---------- Collected data

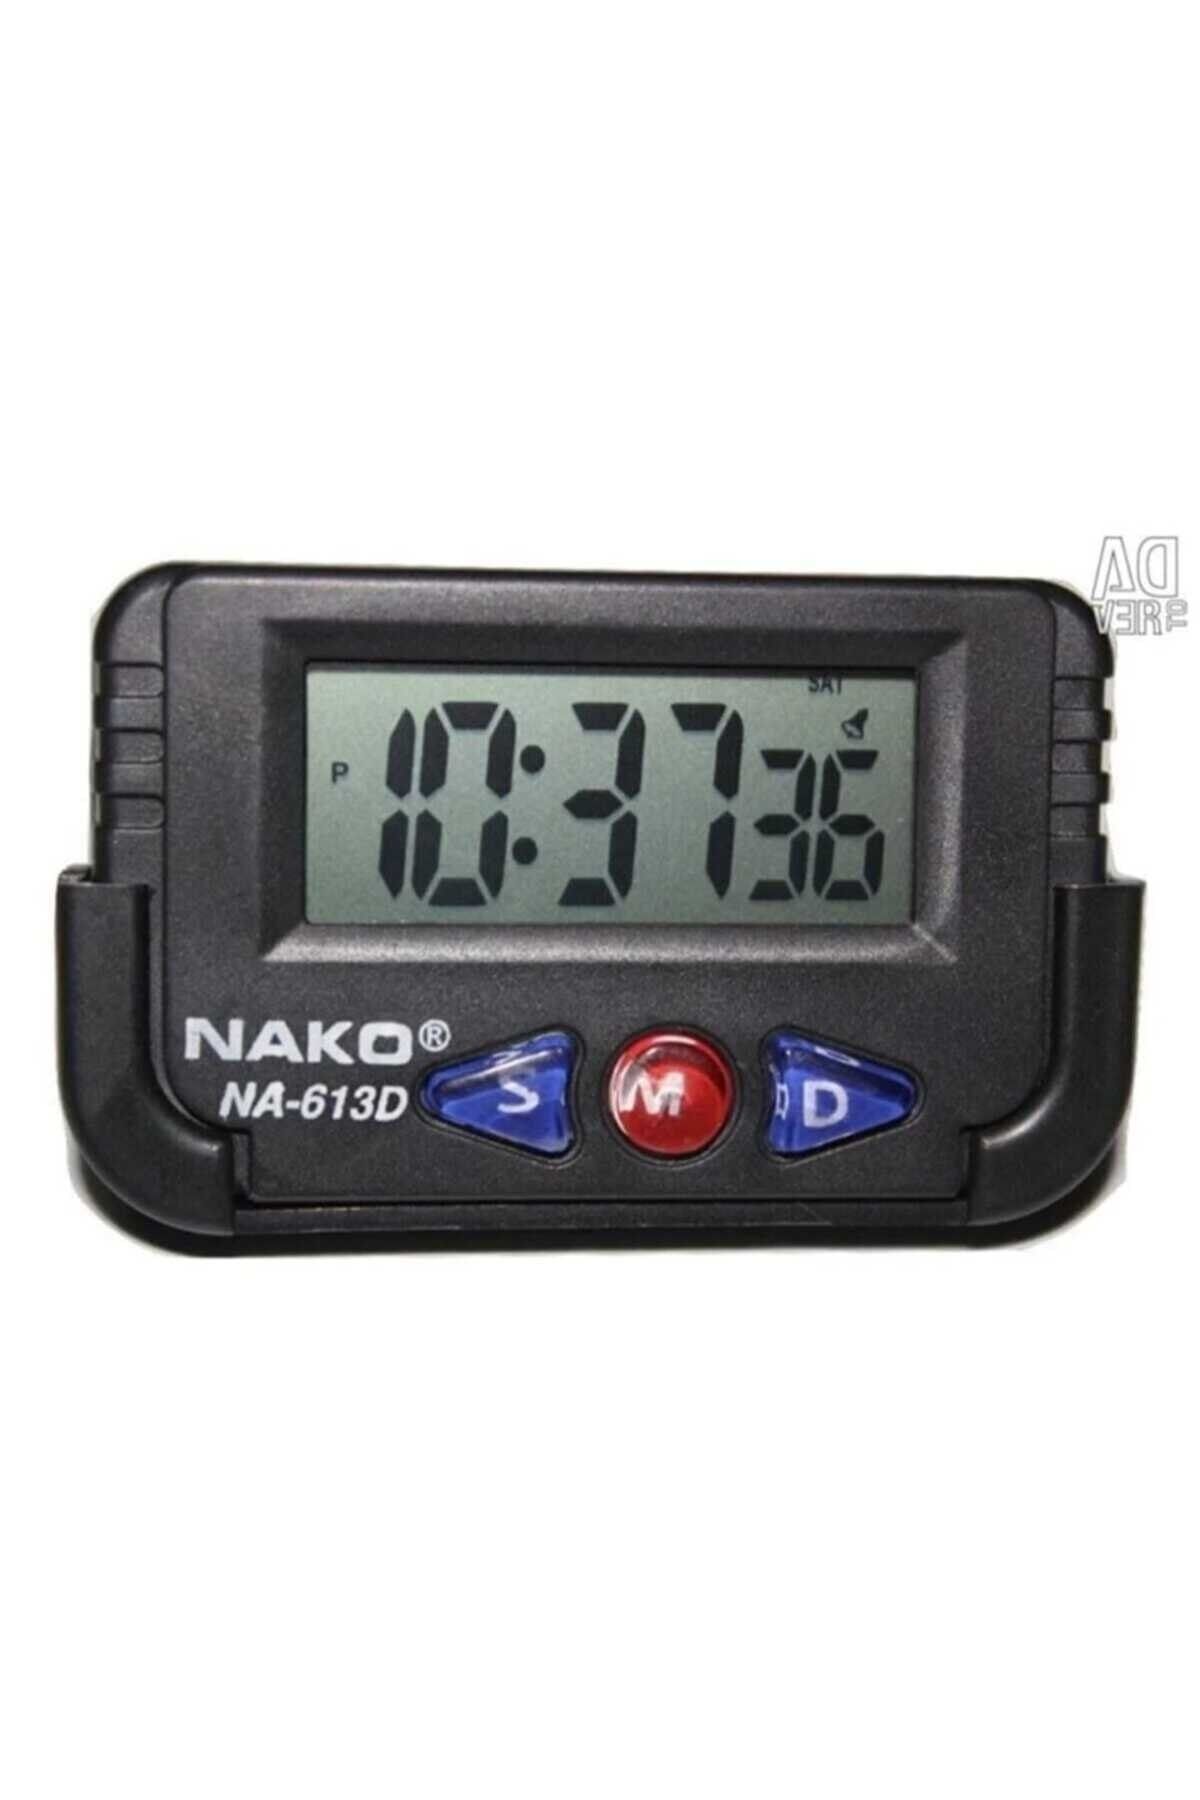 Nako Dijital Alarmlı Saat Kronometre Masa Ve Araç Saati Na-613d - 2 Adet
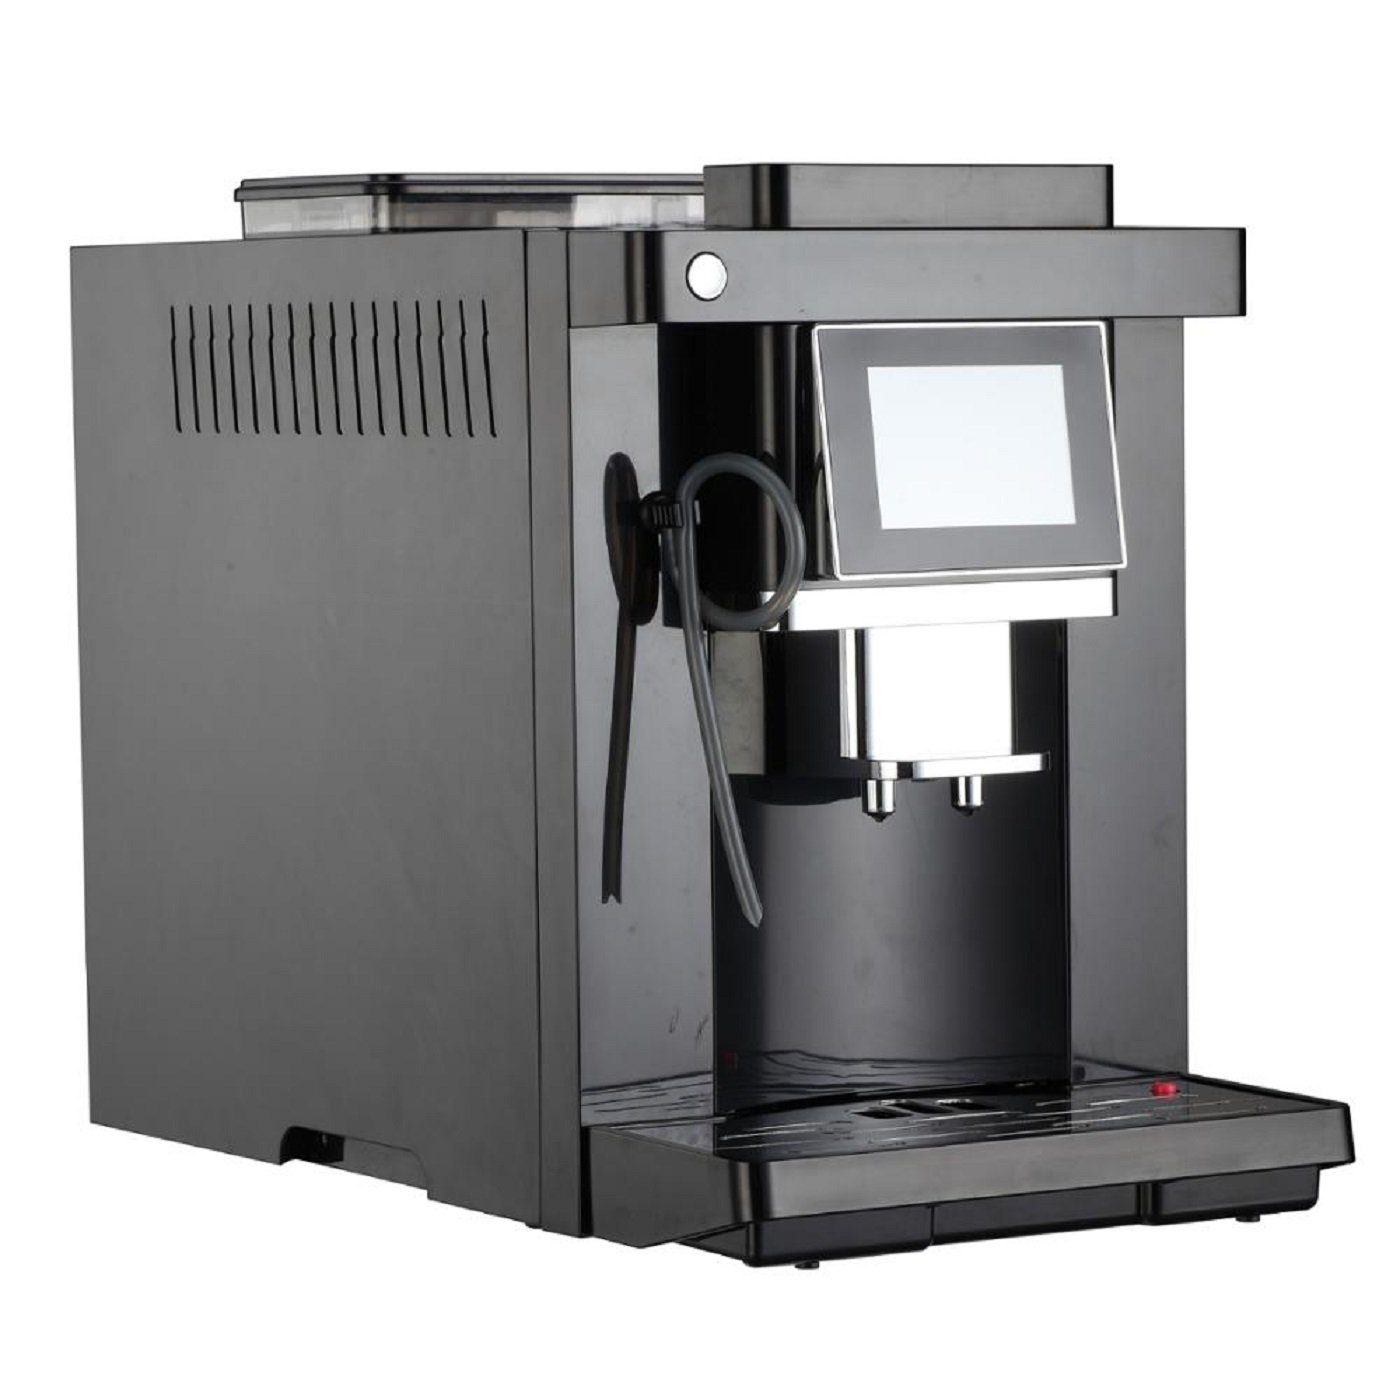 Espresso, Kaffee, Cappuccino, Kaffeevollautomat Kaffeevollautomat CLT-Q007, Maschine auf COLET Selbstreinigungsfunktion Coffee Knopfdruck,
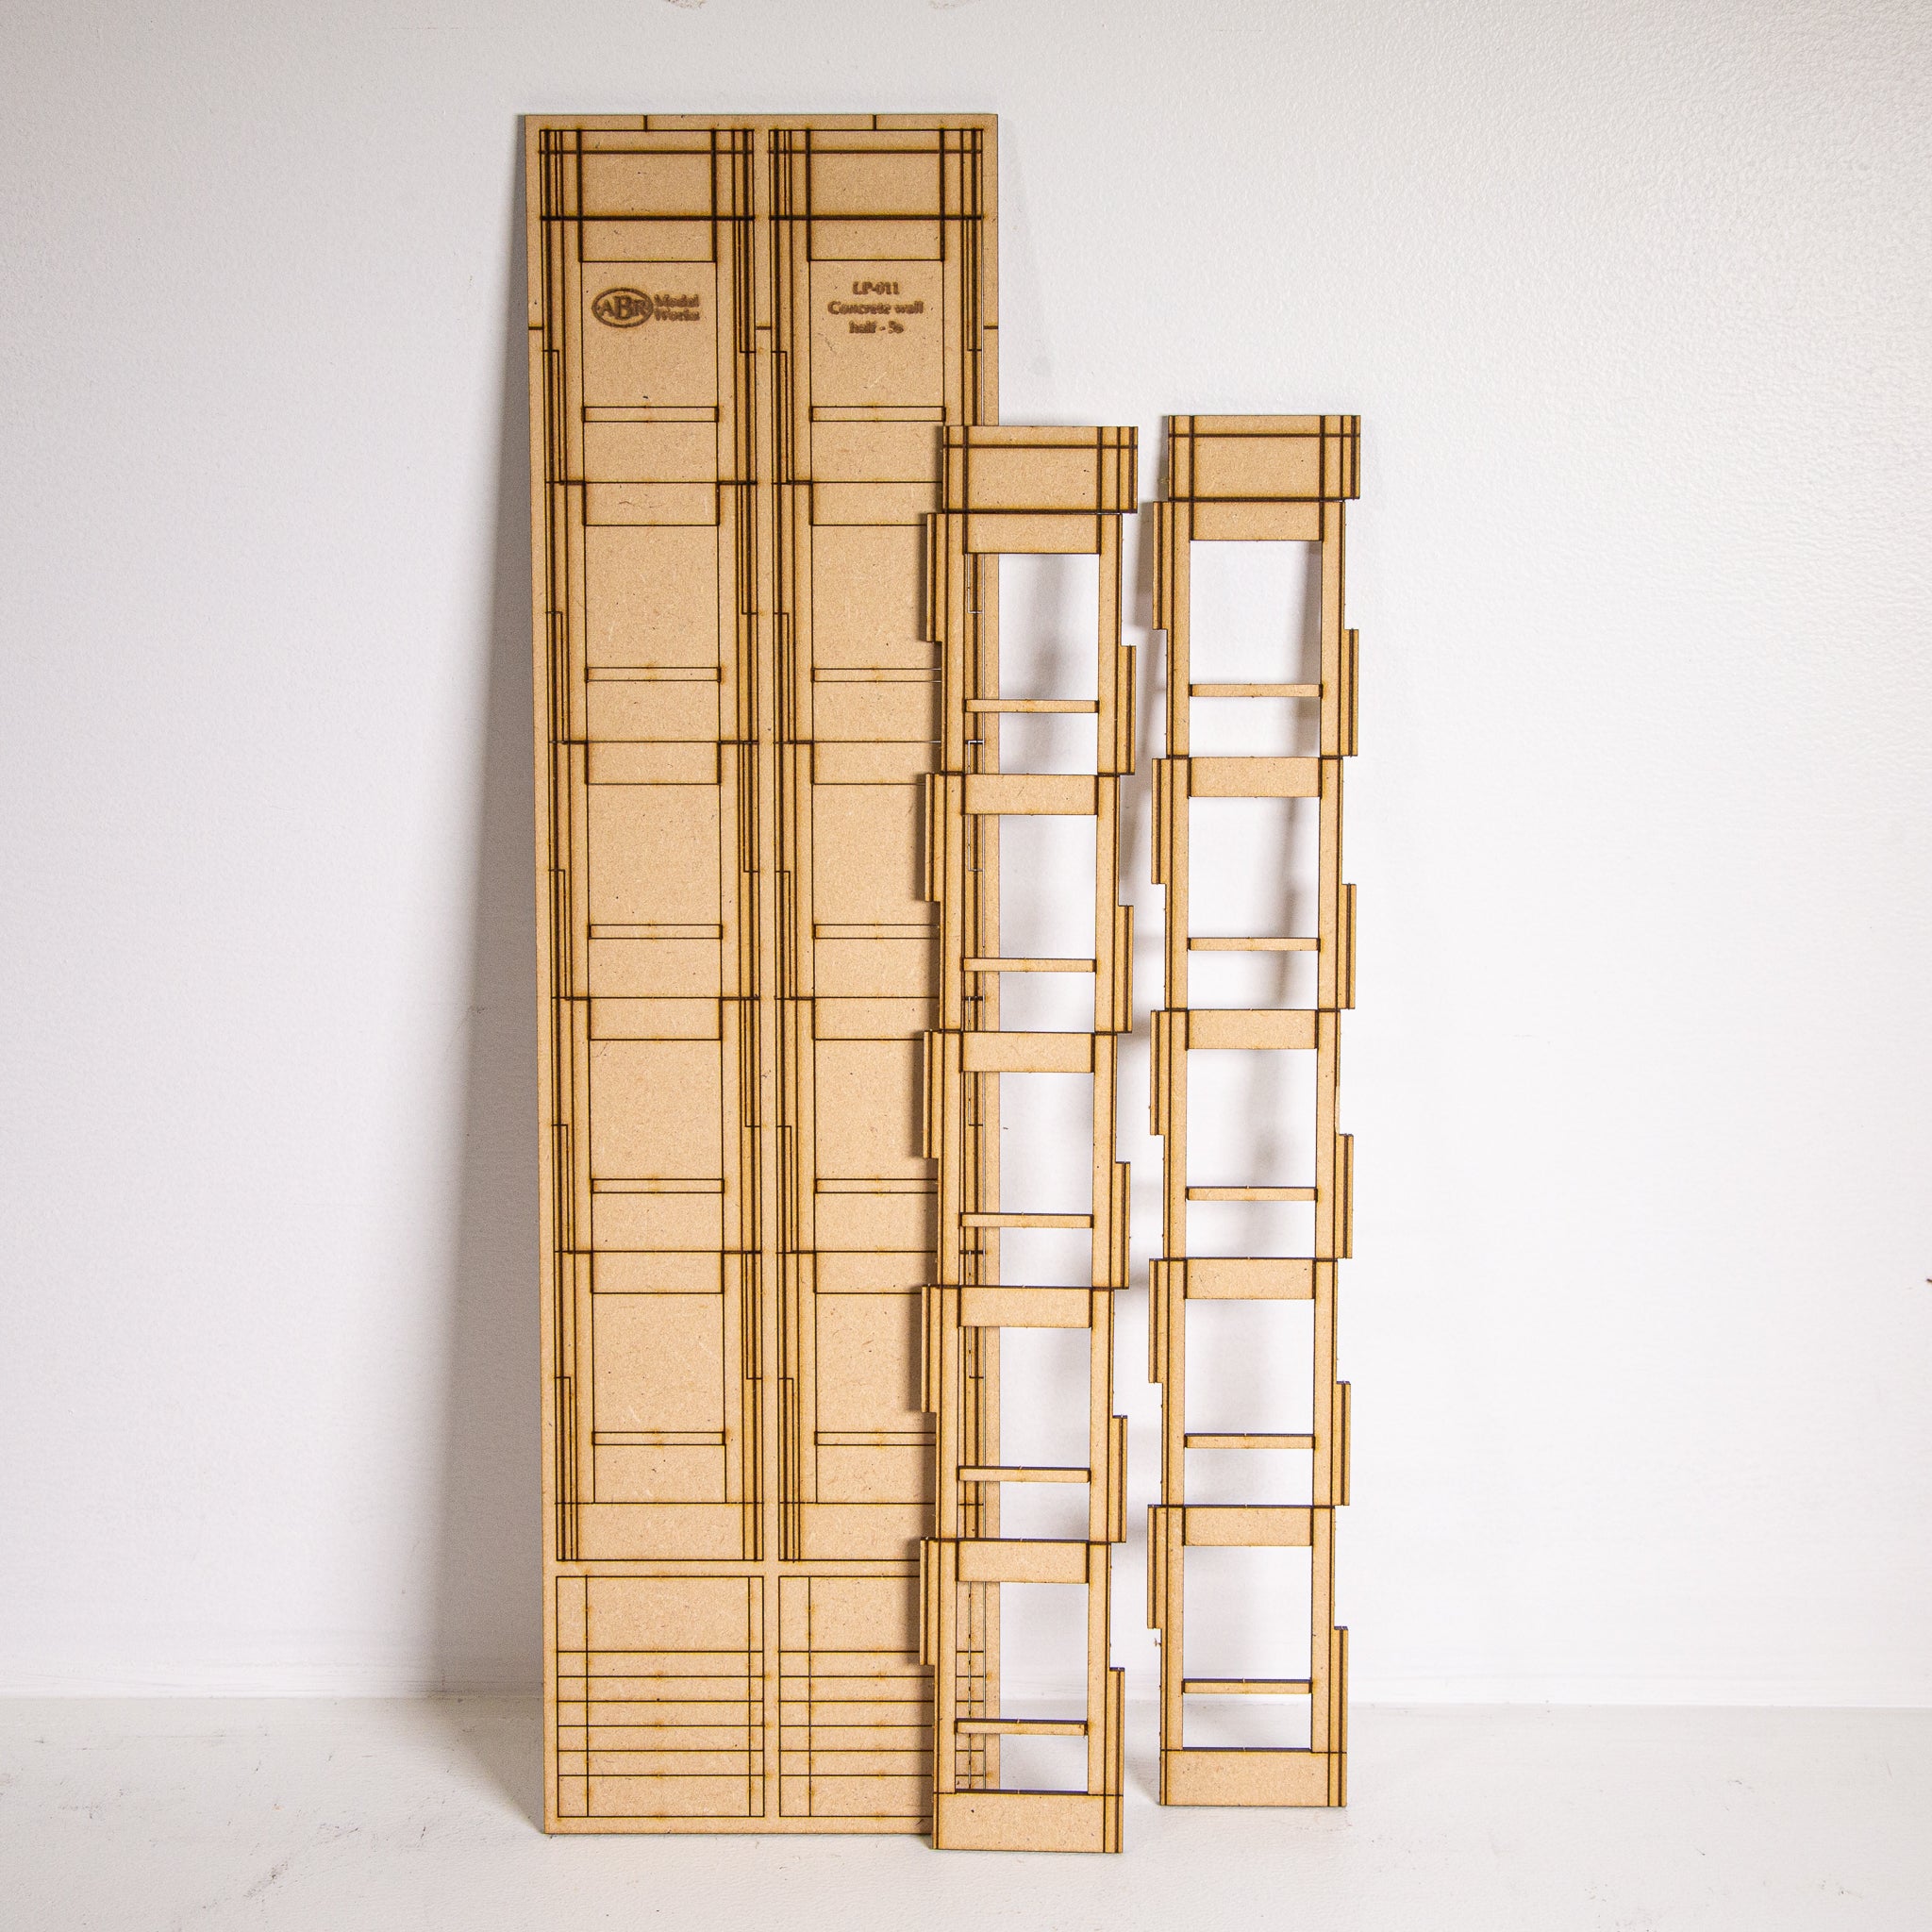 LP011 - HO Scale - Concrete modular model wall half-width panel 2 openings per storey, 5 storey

--------------------

# [Exercise objective]
Copy out the lines above in full and unaltered, apart from the pictures.

# [Reply]
 Nako Dijital Alarmlı Saat Kronometre Masa Ve Araç Saati Na-613d - 2 Adet
 Espresso, Kaffee, Cappuccino, Kaffeevollautomat Kaffeevollautomat CLT-Q007, Maschine auf COLET Selbstreinigungsfunktion Coffee Knopfdruck,
 LP011 - HO Scale - Concrete modular model wall half-width panel 2 openings per storey, 5 storey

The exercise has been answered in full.